Four Uses of Storytelling for Your Organisation

As a change management consultant and novelist, I use storytelling techniques all the time. In terms of the latter, the use of storytelling is a no-brainer: storytelling serves as the portal, the platform and the whole entire purpose for saying what I would like to say. I have a story to share. The story provides an insight, idea or incident that I would like to relay. I need a way to deliver it . . .

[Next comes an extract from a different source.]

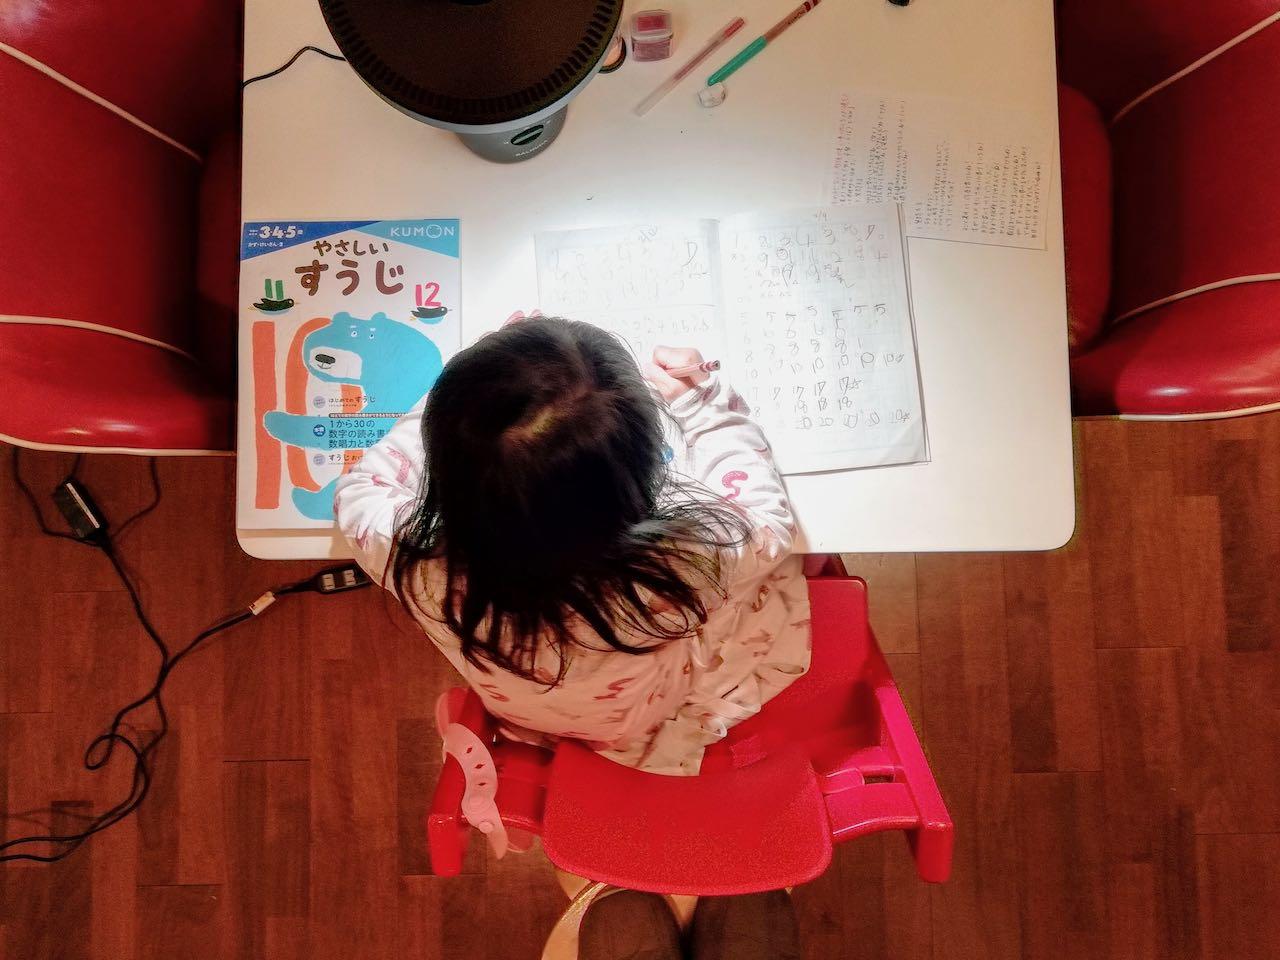 【自宅学習失敗談】幼児(3歳)に数字を書く練習させたら勉強が嫌いになった
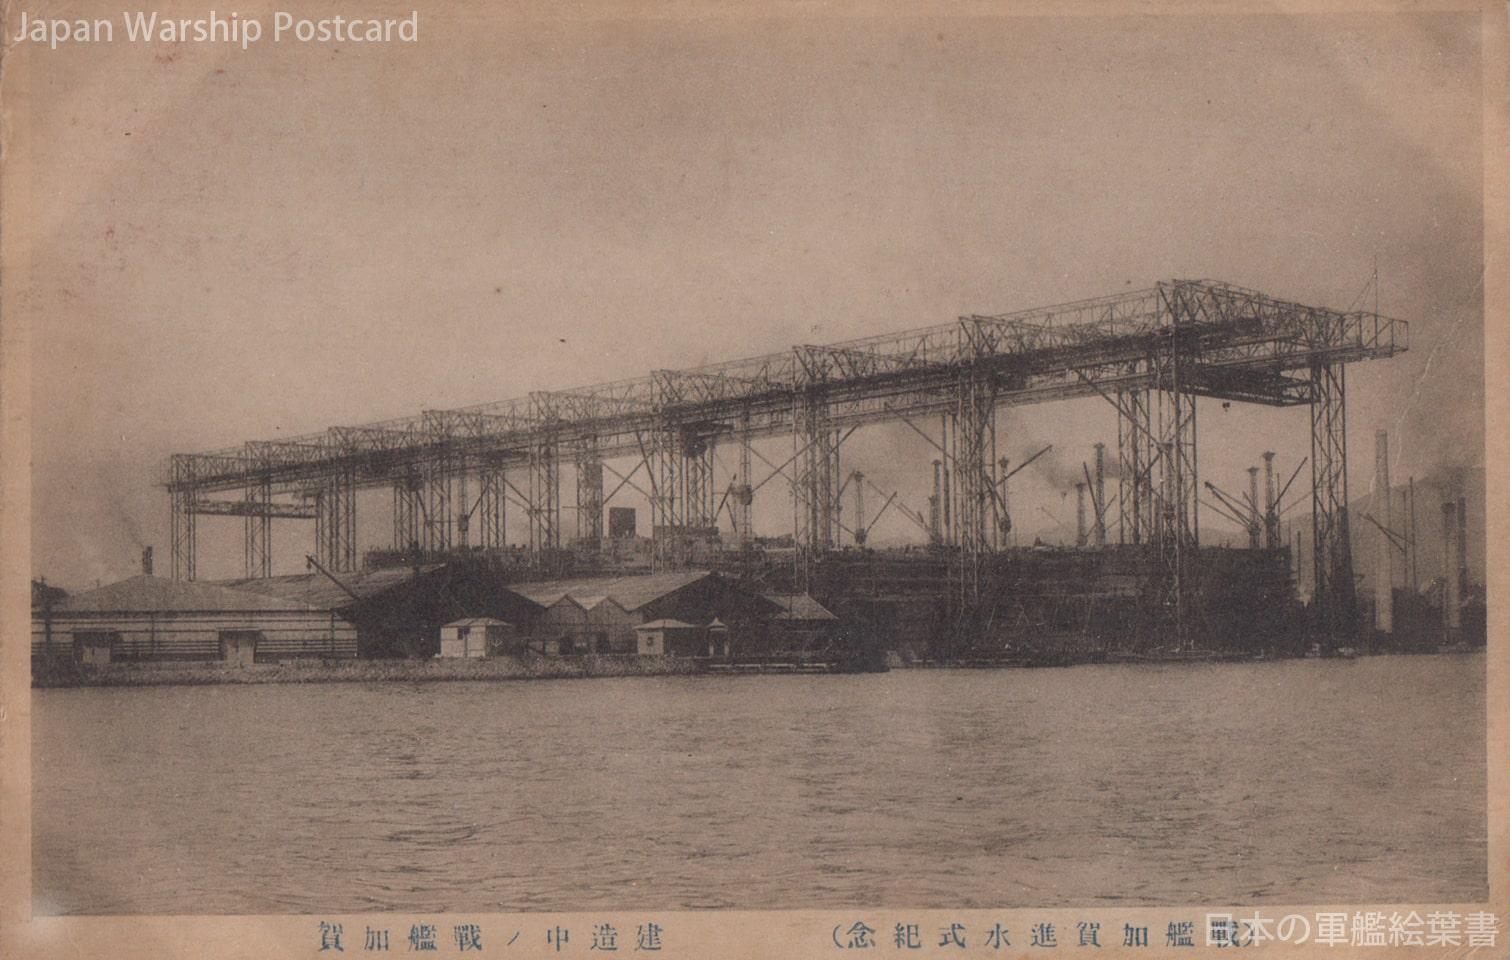 建造中ノ戦艦加賀(戦艦加賀進水式記念)

As for the former, there are numerous reasons to engage in storytelling in a business capacity. Storytelling enables organisations to engage inwardly and outwardly. It provides a personal, personable and authentic approach for developing and growing organisations, and driving them towards success. Here are some of the main uses for storytelling in a business setting:
Managing Change and Conflict
Organisations are organic. They deal with planned and structured changes all the time, and unplanned changes, more often than not. Storytelling techniques can be used to enable managers and leaders to manage this change – and as a special subset of change – to manage conflict. The use of storytelling enables sensitive issues to be tackled with a certain degree of separation and distance. This buffer is a welcome window to employees. The process enables them to engage with the change/conflict without feeling judged, accused or in the spotlight.
Getting Buy-in and Consensus
When waves of change are ripe, the adoption of change can rise or fall on the support of people within the organisation. Storytelling is a very efficient method to get people on board. There are multiple techniques to do this – but most of them boil down to several main points. If you want to influence people to support change you can use storytelling techniques to do the following:
– Describe why the change is essential and why support is significant
– Describe the hairy things that will happen if the change fails
– Describe the great things that will happen when the change succeeds for the organisation and its employees
Framing the Past and the Future of an Organisation
Almost like us, organisations have a life of their own. This life includes an identity, goals, a mission statement, a desire to become something specific, or alternatively, to stay who they are. Storytelling enables organisations to provide an identity card for who they are now, what they may once have been, and who they hope to be in the future. This narrative enables employees to become an integral part of the organisation: they can develop empathy, understanding and pride. They can carve out a place for themselves within the narrative and define their own individual role in ensuring the organisation's ongoing development and success.
Marketing for Brand and Inspiring Customer Loyalty
When an organisation can tell a coherent story about who they are, what they are selling and why they are selling it, the general public can't help developing an understanding and empathy around the corporate brand. Storytelling enhances the impact of marketing and strengthens ties between the brand and the consumer. The narrative doesn't need to be about social impact or sustainability – stories around security, quality, precision, durability are all narratives that will strike a chord with a customer if that's what they need.